While this was occurring, our team was working in parallel on our data tracking project that captures user behavior. Initially, this project was designed to simply capture the click and social sharing data that our product employs. Drawing on the lessons learned from those first campaigns, we decided to enhance the existing data tracking to include even more granular data points.

photo credit: Carsten Mueller

At the time of analysis, the unit we used to display advertiser copy resided in an expandable tab that was displayed at the top of a web page. One question that was raised was, “What if the user scrolls down the page?” Another concern was that the initial design did not emphasize the discount percentages and shipping options.

In order to answer these questions, we tracked the following:

• confirm that page element was loaded
• “visibility” of our object (i.e. can the user “see” the tab)
• conversion rate of prior campaigns vs. campaign using latest UX (user-experience) changes (a very simple A/B analysis)

At the end of the revised campaign we discovered that close to 60% of users were not even seeing the tab due to the fact that they were already scrolling down the page before it even loaded and was visible at the top. We are now currently exploring different mechanisms to engage the end-user with promotional material that will allow for greater visibility across the entire page.

One of our core engineering principles at Splurgy is to be “data-centric.” Starting the process of tracking and reporting can be very daunting, but at the end of the day, it helps define the product in a way that benefits not only Splurgy, but our clients as well.

Hadoop and HIVE and Array Map Reduce, wait, what?

One of the first tasks here at Splurgy was to track data. We all drew straws on who was going to lead the initial effort to put something in place to track user behavior. Somehow I ended up with the short end of the stick.

My background is primarily in web development. That means I push around some ruby code and maybe do the odd SQL-based query. When I started looking into HIVE and Hadoop and array map reduce on top of all the other projects that were due seemingly at the same time, I went to my quiet place and cried for a little bit. Then I happened upon a little beta project called “TD” (Treasure Data) that is an add-on for heroku (our cloud-based production deployment environment).

TD promised to take care of all the nasty implementation details and just start logging data. I was somewhat skeptical, but when I looked at the engineering cost of setting up our own data-store from scratch, I became less so.
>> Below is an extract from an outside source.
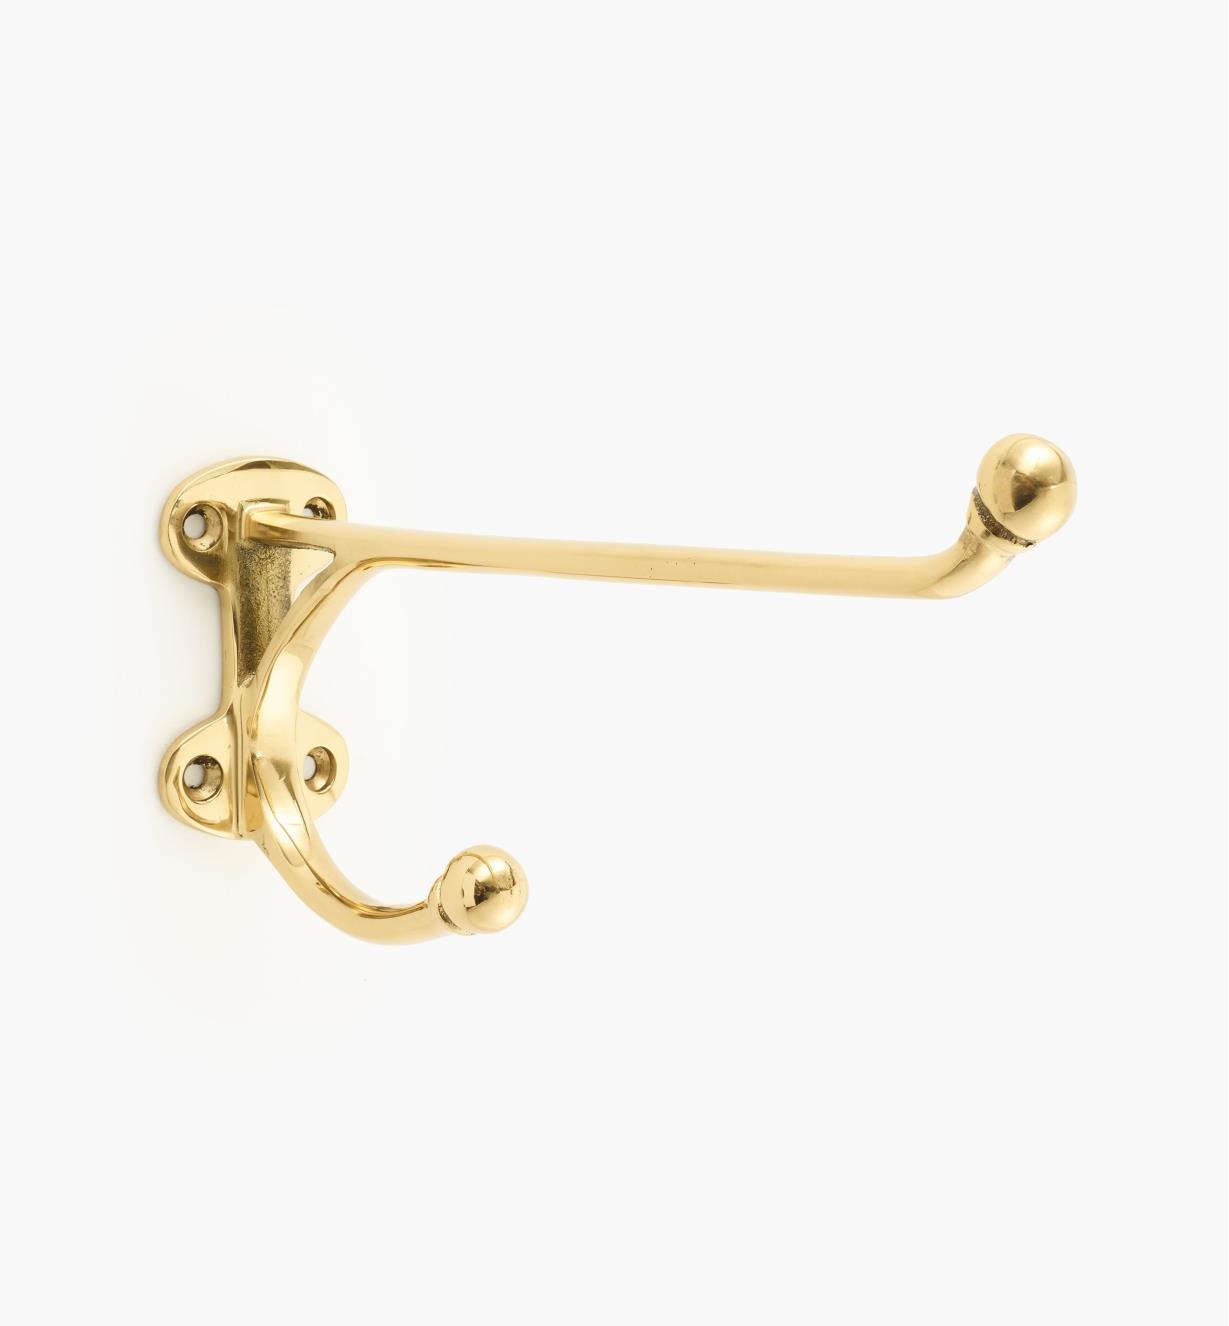 01W9009 - 9" Large Brass Hook

The total implementation from start to end took me 2 days. OK, that’s neat, but does it work? Well, during the first day of installation, I was able to immediately record development data and query it.

Of course we have enhanced and updated our code since our original implementation, but we are extremely impressed by the fact that a task that would traditionally require a dedicated engineering resource can effectively be mitigated by a third-party solution that is “good-enough”. We have already identified certain pain-points that will have to be addressed in the future, but for our current needs, this is a great solution that meets our near-term needs.